2026-05-26 02:53:30 -04:00
1 changed files with 285 additions and 0 deletions
@@ -0,0 +1,285 @@
+# Claude-code pane in the dashboard
+
+## Question
+
+The dashboard today shows pending proposals (top pane) and active
+agents (bottom pane, PRD 0019). Selecting an agent and pressing
+`e` / `p` invokes operator-scoped edits. The next move the user
+wants is **a way to interact with the claude-code session inside
+the selected bottle without leaving the dashboard** — type at it,
+read its output, return focus to the dashboard.
+
+What's the cheapest path to that, and where does it bottom out?
+
+## What "interact" means
+
+Today the flow is bimodal. `./cli.py start <agent>` brings the
+bottle up and immediately drops you into an interactive
+`docker exec -it claude-bottle-<slug> claude ...` — claude-code
+owns the whole terminal until you Ctrl-D out, at which point the
+bottle tears down. The dashboard (`./cli.py dashboard`) is a
+*separate* invocation that watches across bottles but never
+exposes the claude TUI itself.
+
+The user wants the dashboard to *also* be a claude-code session
+host: one of the dashboard's panes (or a press-key-to-focus
+mode) is a live claude-code terminal connected to the agent
+container the operator is sitting on in the agents pane.
+
+That changes the dashboard's job from "screen of metadata" to
+"terminal multiplexer that also draws metadata." The interesting
+question is whether that change is small or unbounded.
+
+## The core problem
+
+claude-code is a TUI in its own right. It runs as an
+interactive Node process, expects a real PTY, drives its own
+cursor positioning, color, mouse events, and key bindings. The
+dashboard is *also* a TUI (curses), and curses owns the
+terminal's input + output stream while it's active.
+
+Two TUIs sharing one terminal can't both be "running" without
+one of them giving up screen control to the other. The decision
+shape is which one yields, and where the boundary lives.
+
+There are exactly three realistic ways to resolve this:
+
+  1. **Handoff** — the dashboard releases the terminal when the
+     user wants to talk to claude-code, claude-code takes over
+     full-screen, and the dashboard re-takes control when
+     claude-code exits or is detached. Like how `e` (routes
+     edit) already shells to `$EDITOR` today
+     (`curses.endwin()` → run editor → `stdscr.refresh()`).

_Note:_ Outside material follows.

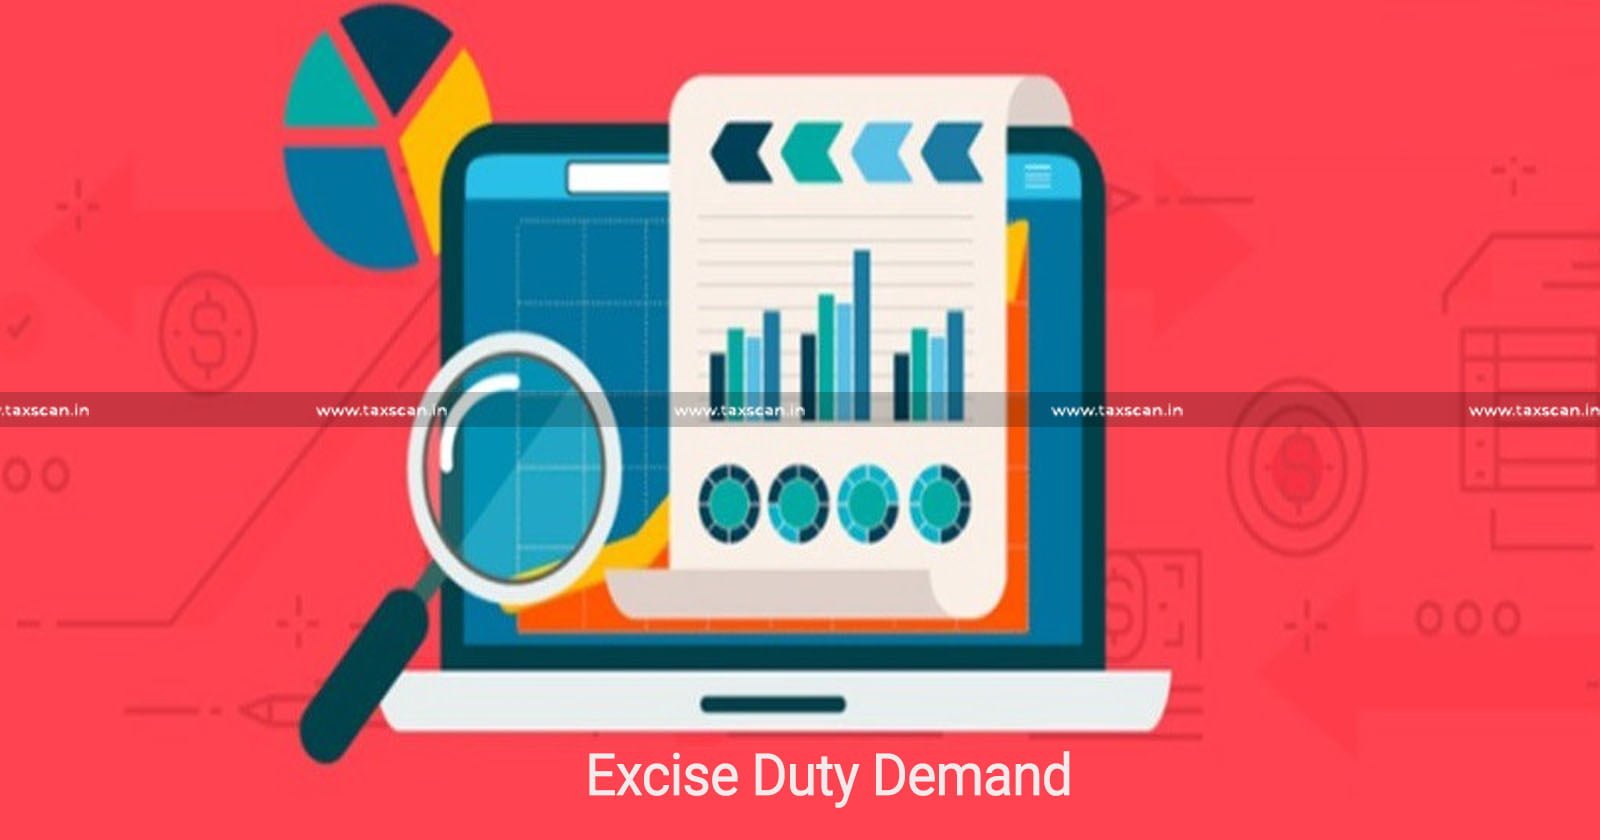 Relief - Haryana Steet Glass ltd - CESTAT - Re-adjudication - Computation of Excise duty - Excise duty - DTA - Document Analysis - taxscan

+  2. **Embedded emulator** — the dashboard runs claude-code in a
+     PTY it owns, parses claude-code's ANSI escape stream
+     ourselves, and paints the resulting cell grid into a
+     curses pane. Keypresses inside the pane get routed to the
+     PTY's stdin; the dashboard renders metadata in the other
+     panes alongside.
+  3. **External multiplexer** — the dashboard doesn't render the
+     claude-code session at all. It asks tmux / screen / a
+     terminal emulator to open it in a real adjacent pane (split
+     window, new tab), and treats the multiplexer as the
+     coordinator instead of trying to be one.
+
+Below are the actual costs.
+
+## Option 1: Handoff
+
+The dashboard sees a key (say Enter on a selected agent in the
+agents pane). It calls `curses.endwin()`, then `subprocess.run(
+["docker", "exec", "-it", "claude-bottle-<slug>", "claude",
+"--dangerously-skip-permissions"])`. claude-code takes the
+terminal full-screen. When the operator exits claude-code
+(Ctrl-D, `/exit`), the subprocess returns; the dashboard calls
+`stdscr.refresh()` to redraw and resume.
+
+What's good:
+
+- It's ~20 lines of code. The plumbing (`curses.endwin` /
+  refresh + a `docker exec`) already exists for the editor flow.
+- Zero new dependencies. claude-code runs in its real PTY exactly
+  the way it does today.
+- No "embedded TUI inside another TUI" weirdness. Keybinding
+  collisions, terminal-resize stories, scrollback are all
+  whatever claude-code already does.
+- Already-running session reuse: a bottle's agent container
+  runs `sleep infinity` and `docker exec`s claude in on-demand
+  (PRD 0018 chunk 3). Re-entering with another `exec` would
+  start a *second* claude process; we'd want to either attach
+  to the first one (tricky — `docker exec` doesn't have an
+  "attach to existing exec" verb) or treat first-time entry as
+  "start the session" and stash a marker so re-entry is a
+  resume rather than a fresh process.
+
+What's not good:
+
+- It's not really "a pane in the dashboard." It's "press Enter
+  to leave the dashboard, talk to claude, come back." The user
+  wanted side-by-side; this is side-by-time.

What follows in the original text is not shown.